The probability of selecting 3 women on the first, second, and third draws is (12/20) * (11/19) * (10/18) = 110/342. The probability of selecting 2 men on the fourth and fifth draws is (8/17) * (7/16) = 56/272. The probability of all five events occurring is (110/342) * (56/272) = 3/10.

A bag contains 15 red balls, 10 blue balls, and 5 green balls. If 4 balls are randomly drawn from the bag without replacement, what is the probability that there are more red balls than blue balls?

  1. (1/2)

  2. (2/5)

  3. (3/5)

  4. (4/5)


Correct Option: C
Explanation:

There are 5 possible outcomes where there are more red balls than blue balls: (3 red, 1 blue), (3 red, 1 green), (2 red, 2 blue), (2 red, 1 green, 1 blue), and (1 red, 3 blue).

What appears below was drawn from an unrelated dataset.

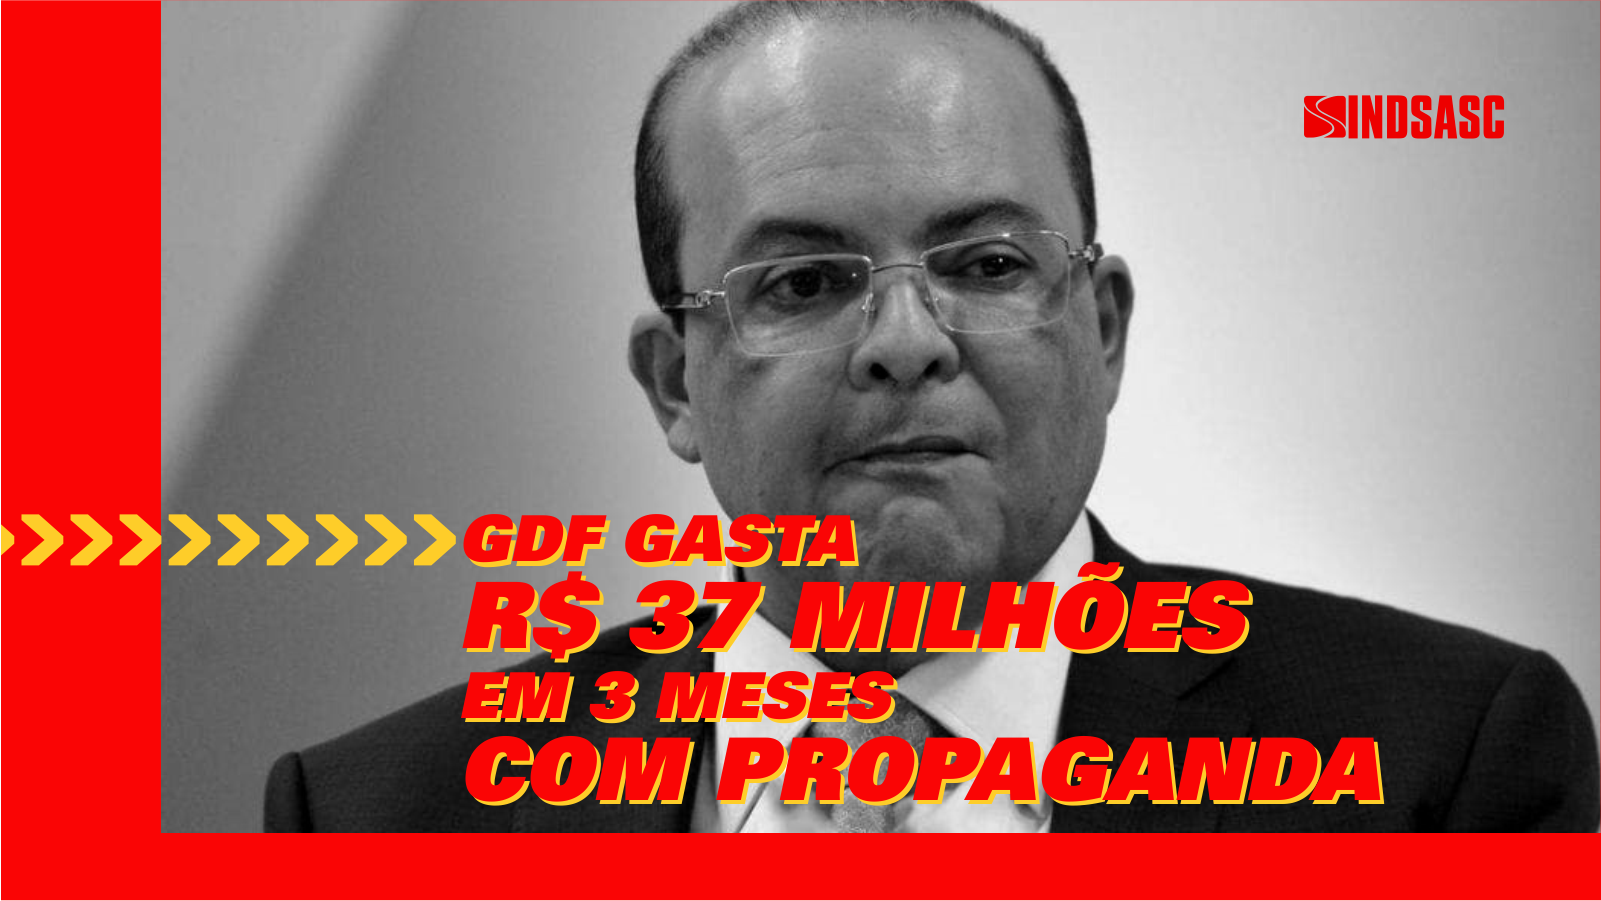 GDF gasta R$ 37 milhões com propaganda em apenas 3 meses

The probability of each of these outcomes is given by the multinomial distribution: P(X = 3 red, 1 blue) = (4 choose 3) * (15 choose 3) * (10 choose 1) / (30 choose 4) = 1350 / 27405, P(X = 3 red, 1 green) = (4 choose 3) * (15 choose 3) * (5 choose 1) / (30 choose 4) = 675 / 27405, P(X = 2 red, 2 blue) = (4 choose 2) * (15 choose 2) * (10 choose 2) / (30 choose 4) = 2700 / 27405, P(X = 2 red, 1 green, 1 blue) = (4 choose 2) * (15 choose 2) * (5 choose 1) * (10 choose 1) / (30 choose 4) = 1350 / 27405, and P(X = 1 red, 3 blue) = (4 choose 1) * (15 choose 1) * (10 choose 3) / (30 choose 4) = 675 / 27405. The probability of more red balls than blue balls is the sum of these probabilities: 1350/27405 + 675/27405 + 2700/27405 + 1350/27405 + 675/27405 = 6750/27405 = 3/5.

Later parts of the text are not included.